FSTRUCT() pointers can be used as return value in none UFUNCTION() function, but not as a parameter return value

I made this observation when some of my functions could return a FStruct pointer but some couldn’t (they where always Null).
I have a TArray with FStructs that i wanted to get references from. To do that i made a function that creates a pointer to the struct i want, like this:

void function(FStruct* structPointer)
{
  structPointer = &MyArray[0];
}

But this pointer is always Null outside the function.
But if you do it like this it works:

FStruct* function()
{
  return &MyArray[0];
}

Why does it work like this? And is it safe to use my solution to get a pointer to a struct?
In UFUNCTIONs you can’t even use FStruct pointers.

Thats because you just setting local argument variable which will get deleted when function is over.
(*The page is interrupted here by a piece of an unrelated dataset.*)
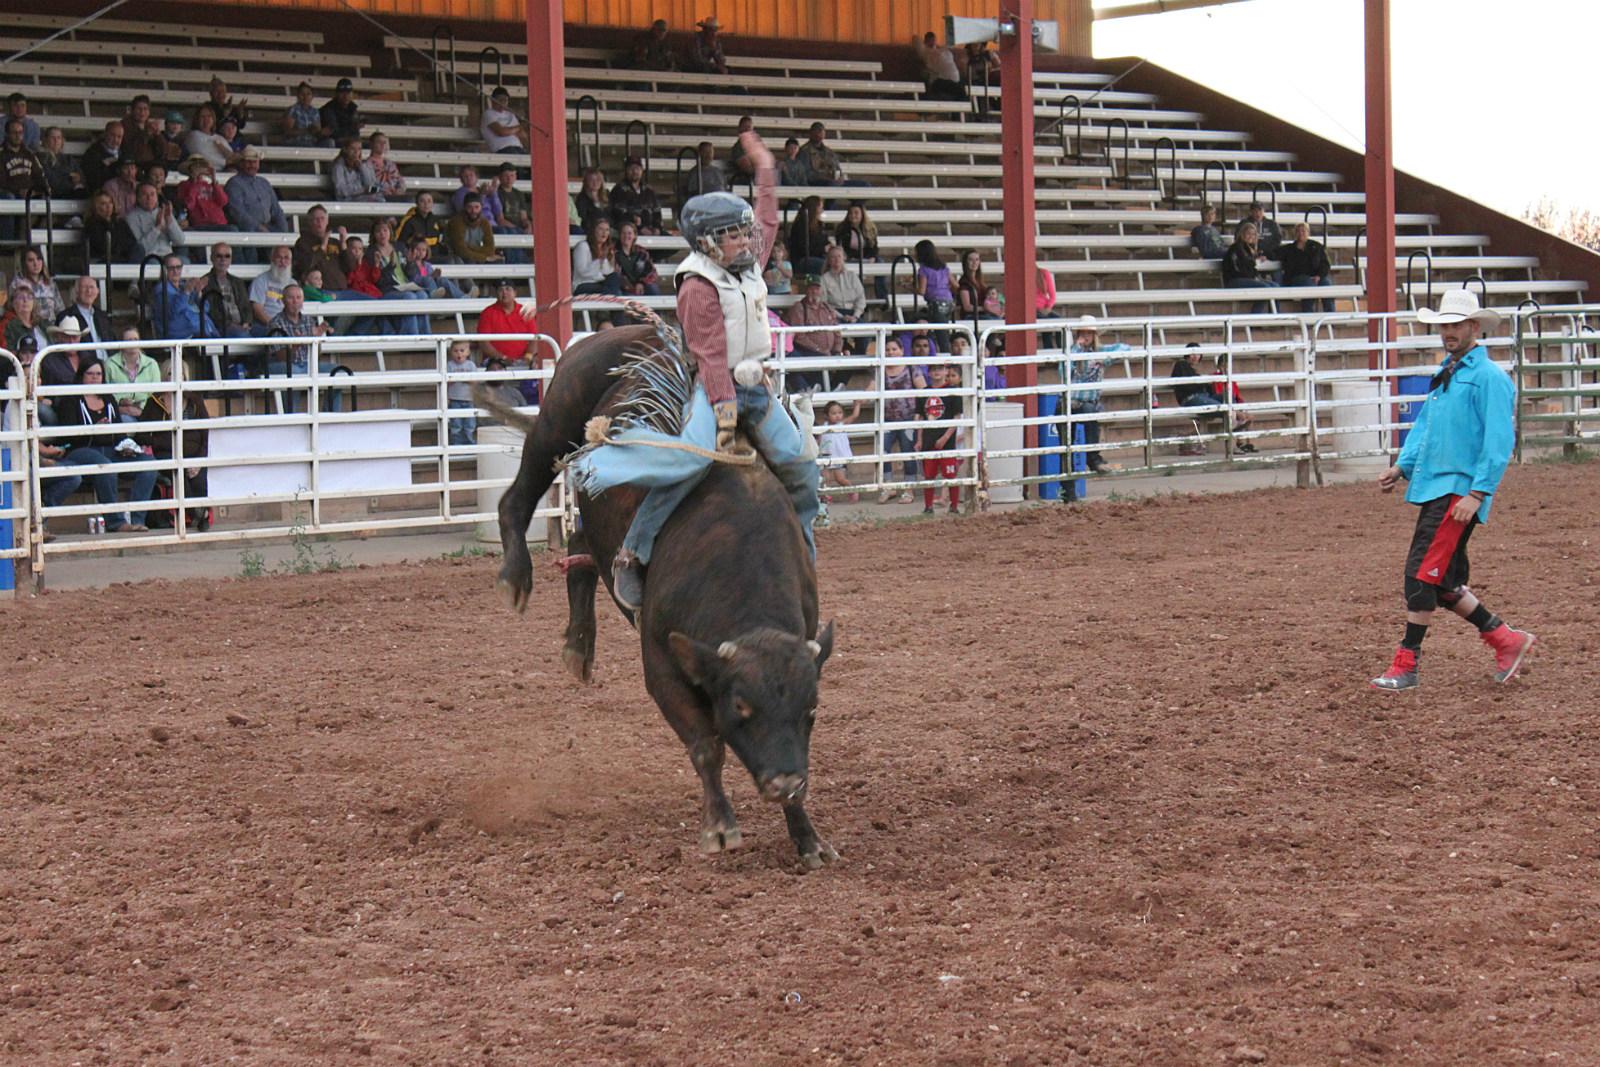 Six Cowboys Win Buckles At Jubilee Days Junior Bull Riding

Pointers work like integers, which contain memory address to variable and you can access content of it with * and → operators, ince it works like integer, when you do = you will simply change address of pointer in that argument value, but it still gonna be deleted same as you would use int32.
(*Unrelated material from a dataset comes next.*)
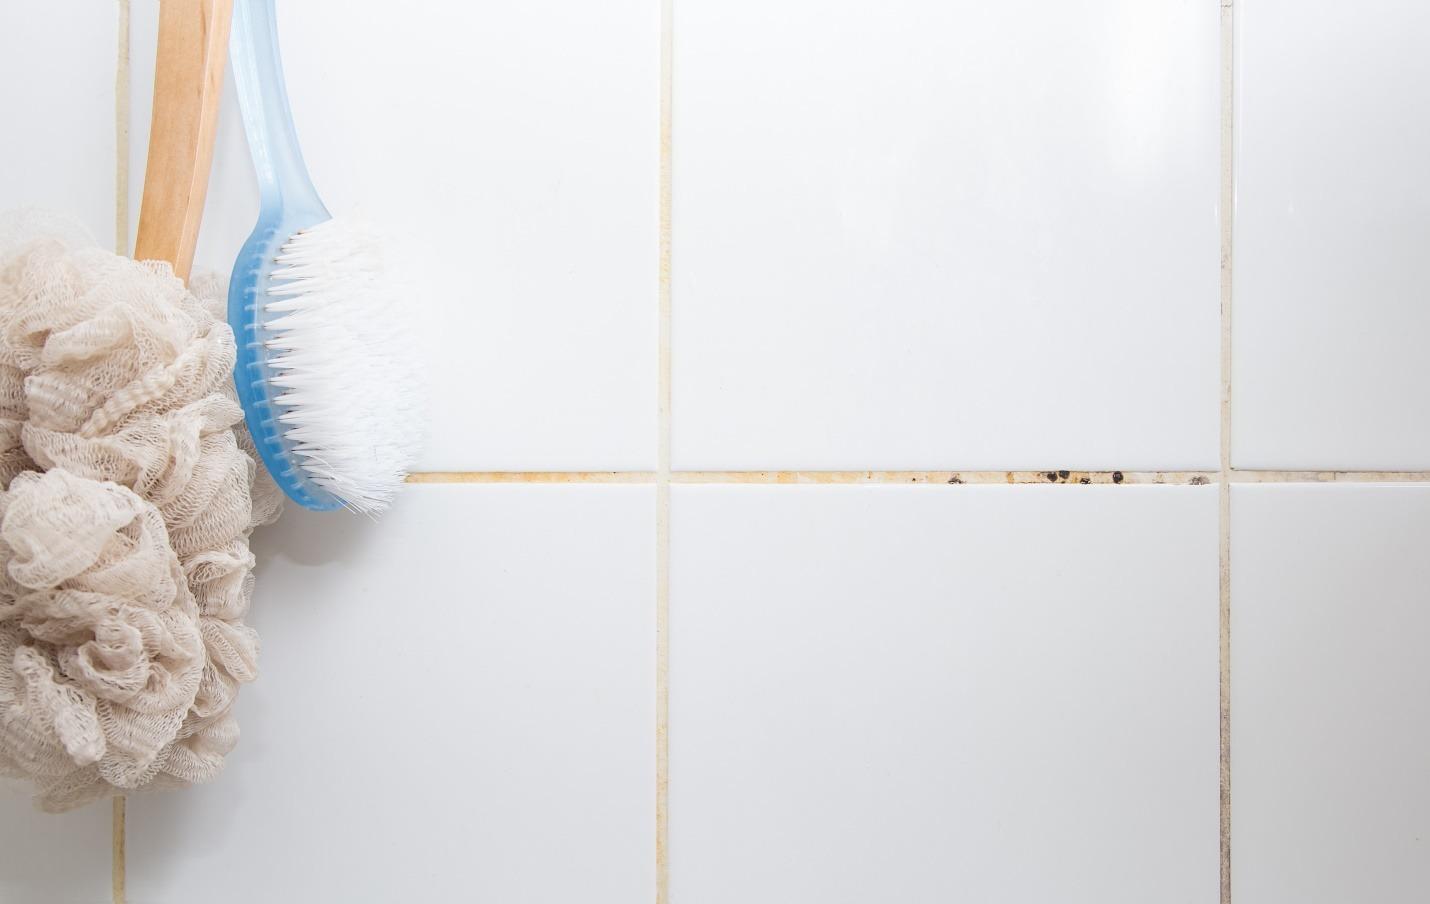 to repair water damaged shower walls

So you either need to use reference:

 void function(FStruct*& structPointer)
 {
   structPointer = &MyArray[0];
 }

Refrence works like pointer but it with constsant address and it behaves like normal varbale

http://en.cppreference.com/w/cpp/language/reference

or modify value that pointer pointing to direcly:

 void function(FStruct* structPointer)
 {
   *structPointer = MyArray[0];
 }

I forgot to mention something important, you should not create pointers from array values, because array can do memory reallocation when new item is added to it, which may cause change of memory address of array items and pointer you used array item will become invalid and wither give trash values or crash the game. so 2nd option i gaved you is most safe one

Thank you for the answer. Luckily im never going to change the array after initialization so this will work.